In the case of my 64-sided pyramid, if the height = 0; b = 3; and c = 30.533.

area = 64 * 30.533 * 1.5 = 2931 cm^2

For a circle of the same radius:

area = PI * r^2
area = 3.14159 * 30.57^2 = 2935 cm^2

2931 is 99.84% of 2935.

So, just by using 64 triangles of a known size, I can get within 0.16% of the area of a circle. That's not too bad. What I should mention here is that the difference from the actual area of the approximate circle has nothing to do with the size of the triangle slices used.
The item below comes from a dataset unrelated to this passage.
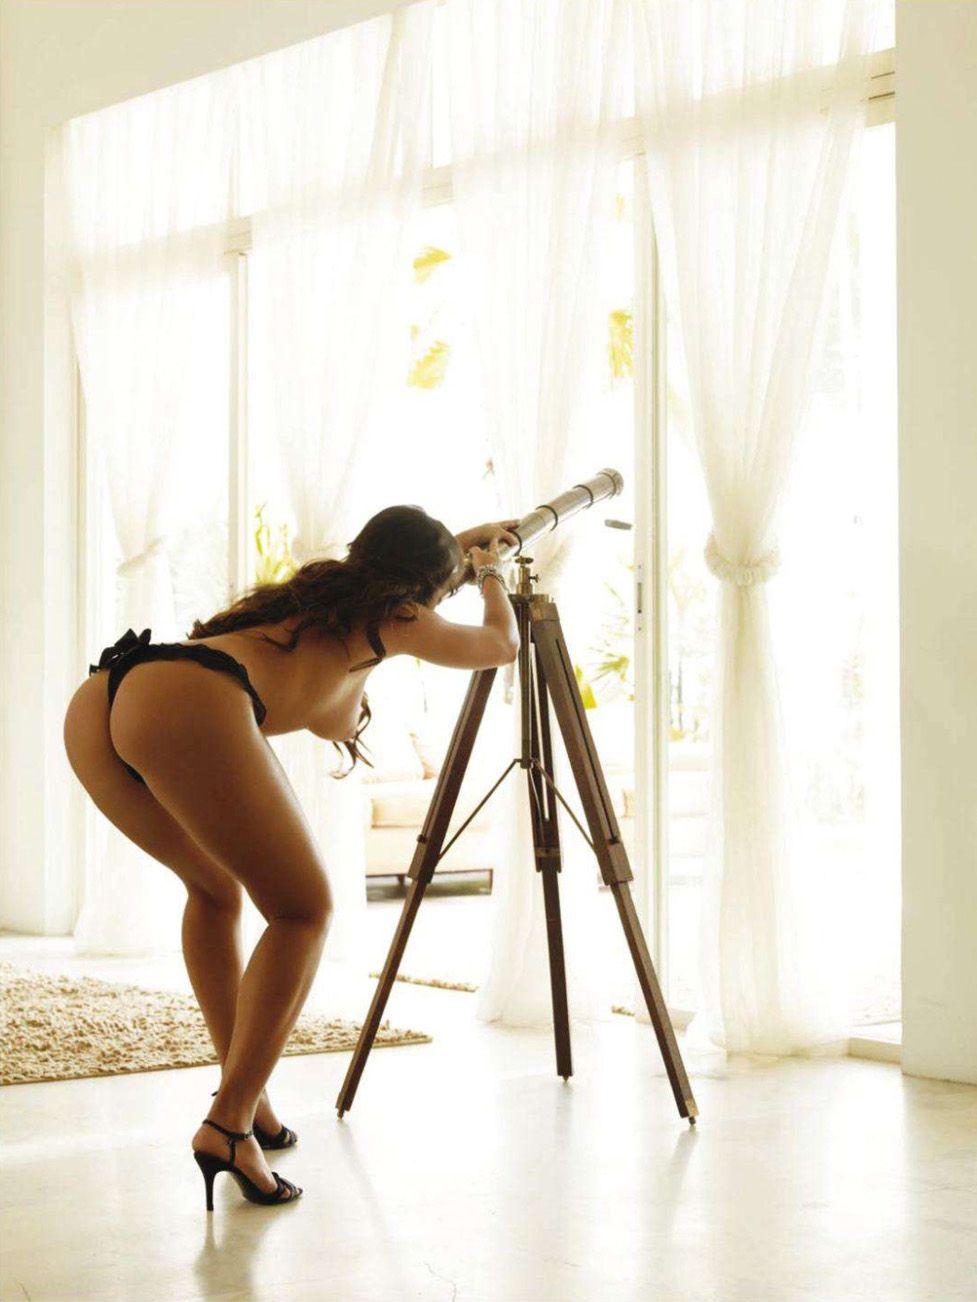 бразильские девушки / Especial Brasilenas in Playboy Spain january 2011 - Juliana Goes

The percent difference is purely a matter of the number of sides used.

% diff = (area of circle - area of triangles) / area of circle

Since the radius of the circle is "a"; "c" for the triangle is a*cos(360/2*n); and "b/2" is a*sin(360/2*n).

% diff = (PI * a^2 - n*(a*sin(360/2*n) * a*cos(360/2*n)) ) / PI * a^2)

factor out a^2 and we get

% diff = 1 - n*sin(360/2*n) * cos(360/2*n) / PI

if n = 64, % diff = 0.16%, which is what we obtained above by actually adding up 64 triangles of 3 cm by 30.533 cm.

What's really important here is that this is all simple arithmetic that tells us in advance how much paper we'd need to make cone-pyramids of any given size. This can save us from needing to make multiple trips to the store in the middle of an art project, or from over-buying paper because we over-guessed what we needed.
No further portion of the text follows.